• [GIVEN MATERIAL]:

++++

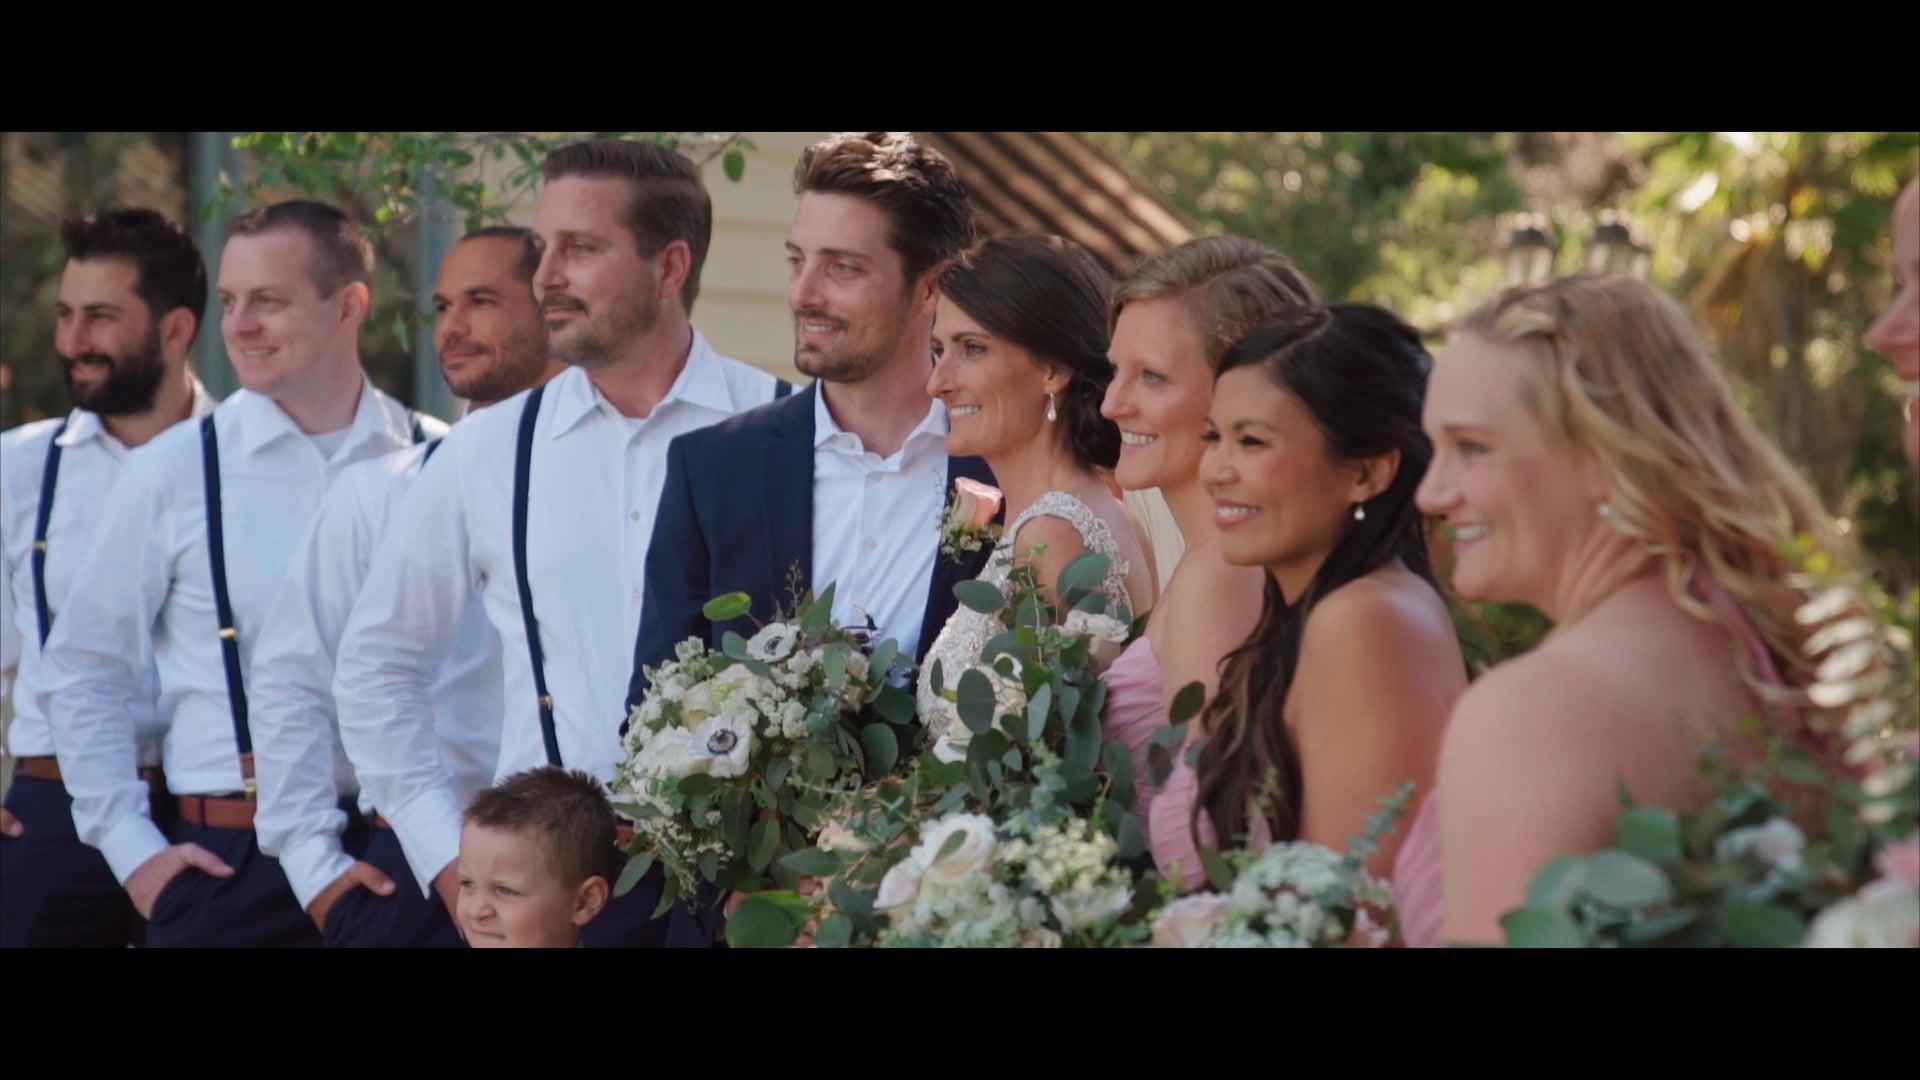 Micah and Mandy wedding video
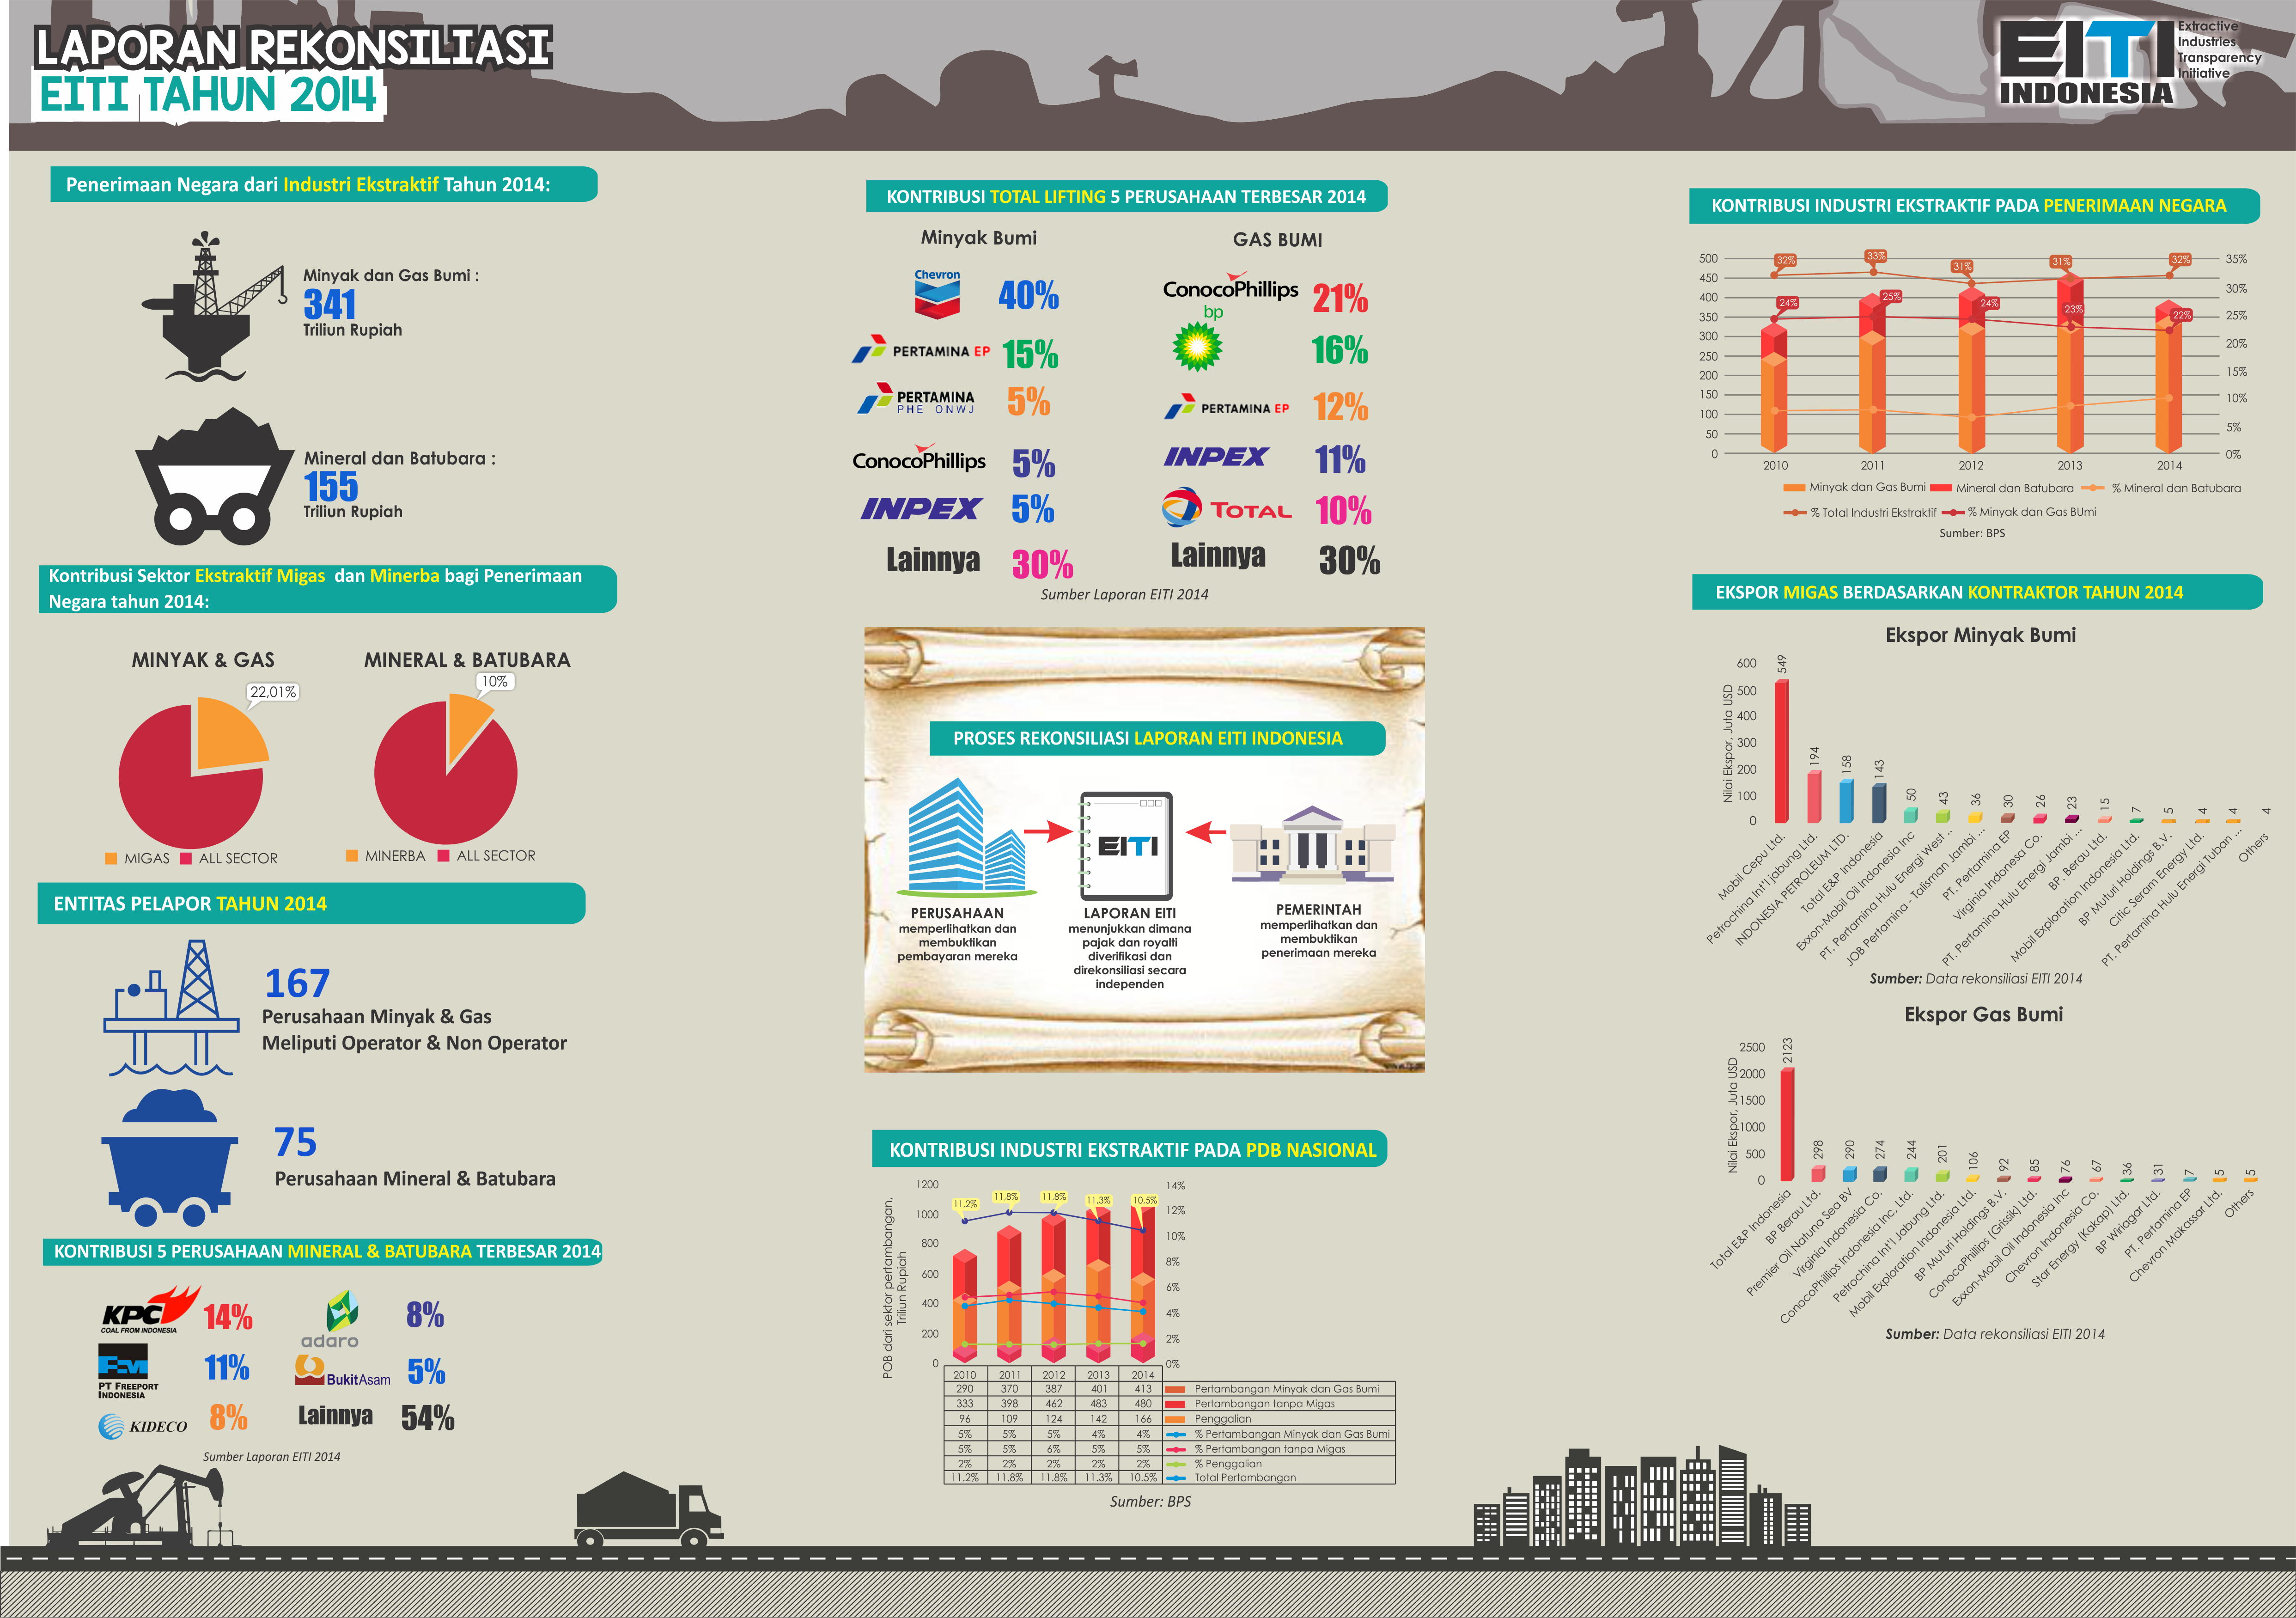 Infografis Lap EITI 2014_26May2017
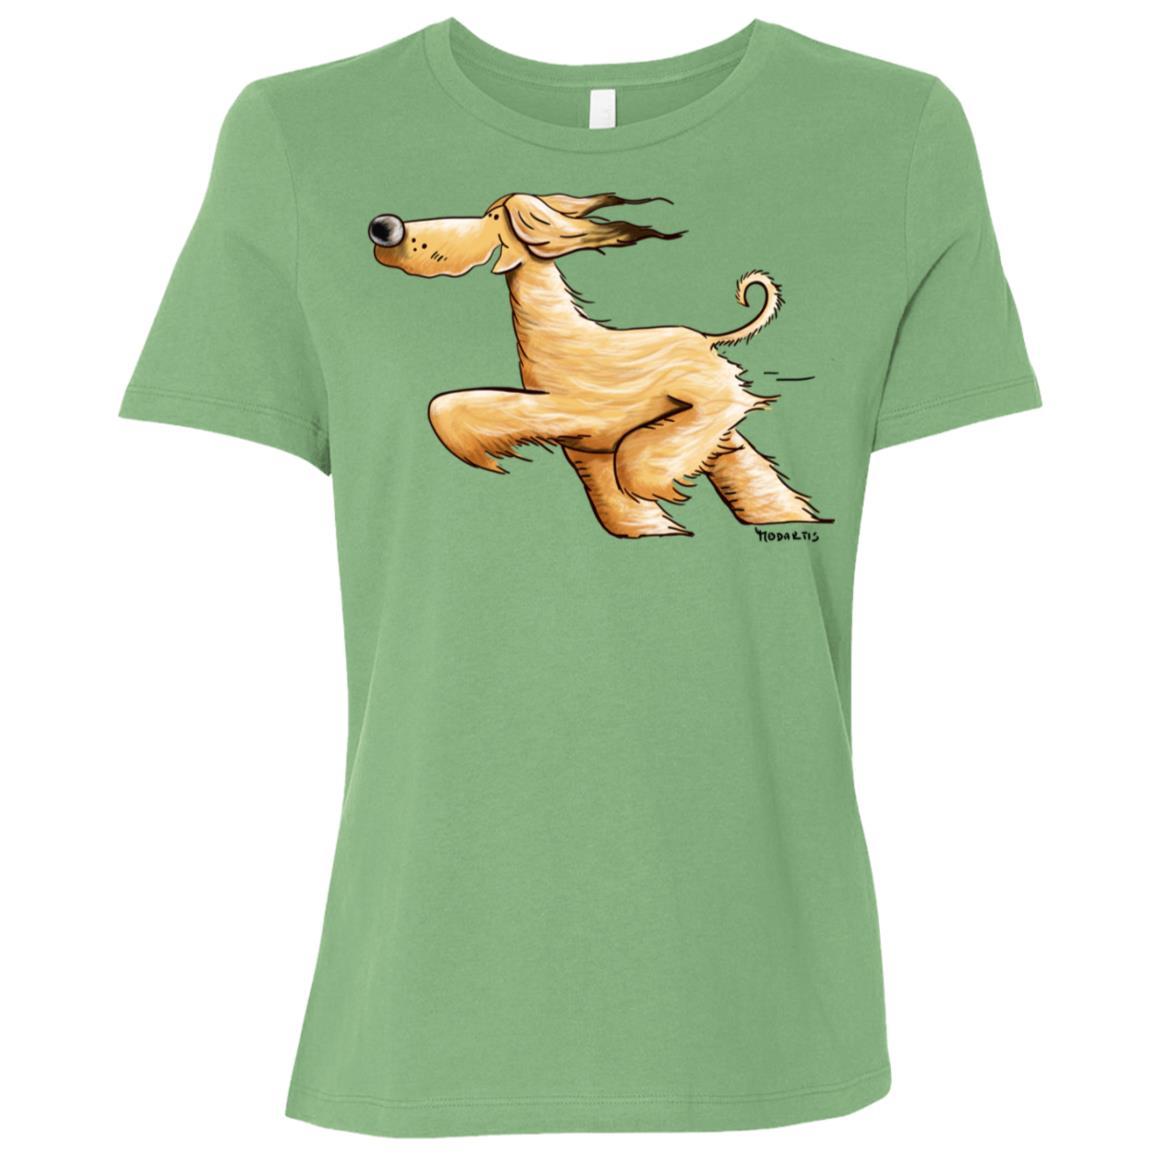 Awesome Running Afghan Hound Women Short Sleeve T-Shirt

++++

• [ASSIGNMENT]:
All of the material above goes into the copy exactly as is; the pictures do not.

• [ANSWER AREA]:
 Micah and Mandy wedding video
 Infografis Lap EITI 2014_26May2017
 Awesome Running Afghan Hound Women Short Sleeve T-Shirt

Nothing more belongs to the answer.